NanoMQ is an open source project for edge computing that started in July 2020 and is the next generation of lightweight, high-performance MQTT messaging broker for the IoT edge computing scenario.

Github repository address: https://github.com/emqx/nanomq

NanoMQ aims to deliver simple and powerful message-centric services for different edge computing platforms; strives to remove the gap between hardware development and cloud computing; connects the physical world and digital intelligence from the open source community; thus popularizing edge computing applications and helping to connect everything.

NanoMQ in collaboration with NNG. Relying on NNG's excellent network API design, NanoMQ can focus on MQTT broker performance and more extended features.The goal is to provide better SMP support and high performance-price ratio in edge devices and MECs. There are plans to add other IOT protocols such as ZMQ, NanoMSG and SP in the future.

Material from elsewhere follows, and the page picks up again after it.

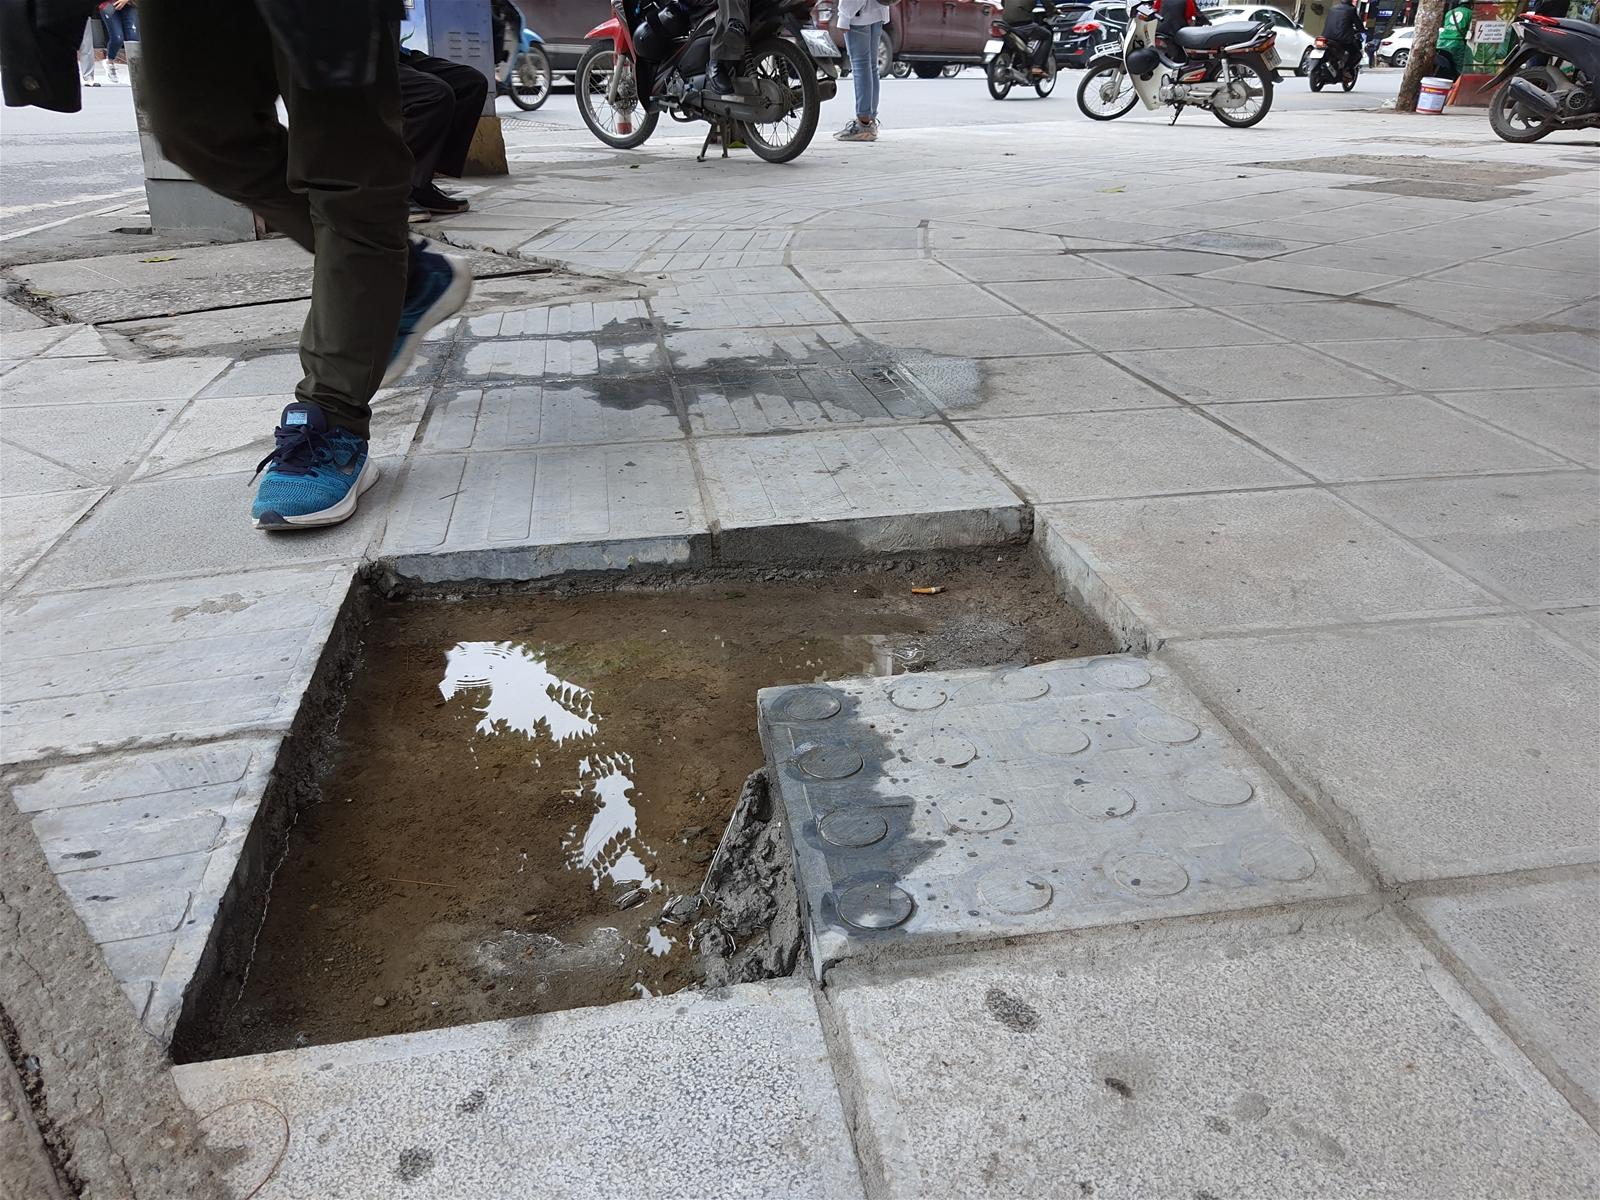 Hà Nội: Mỹ quan đô thị nhìn từ những viên đá lát vỉa hè

NanoMQ currently has the following functions and features:

Full support for the MQTT 3.1.1/5.0 protocol. High compatibility and portability as the project relies only on the native POSIX API and is developed purely in C. NanoMQ is internally fully asynchronous IO and multi-threaded parallelism, so there is good support for SMP while achieving low latency and high throughput. It is cost-effective in terms of resource usage and is suitable for all types of edge computing platforms.

Overview of the test results

To ensure consistency and reliability of test results. Not tested for specific hardware devices.

The tests were conducted on the Huawei Cloud/Mobile platform and focused on broadcast and one-to-one sending and receiving MQTT message throughput tests. The relevant test results are shown below.

Note: If not specified, all connections are set up for 300 seconds of ping message packets by default.

Testing tools

XMeter is a performance test management platform, based on the open source JMeter performance testing tool. XMeter can support large-scale, highly concurrent performance tests, such as the implementation of 10 million levels of MQTT concurrent connection tests. In addition to testing the MQTT protocol, it can also support tests for mainstream applications such as HTTP/HTTPS.

It is an open source MQTT performance testing plugin implemented by XMeter and is used in many projects. It is currently the most popular MQTT plugin in the JMeter community.

A test tool implemented by EMQ to simulate a mass of MQTT connections.

Test environment

This test was done separately for low and high configurations and for mobile platforms. Therefore, there are 3 sets of environments.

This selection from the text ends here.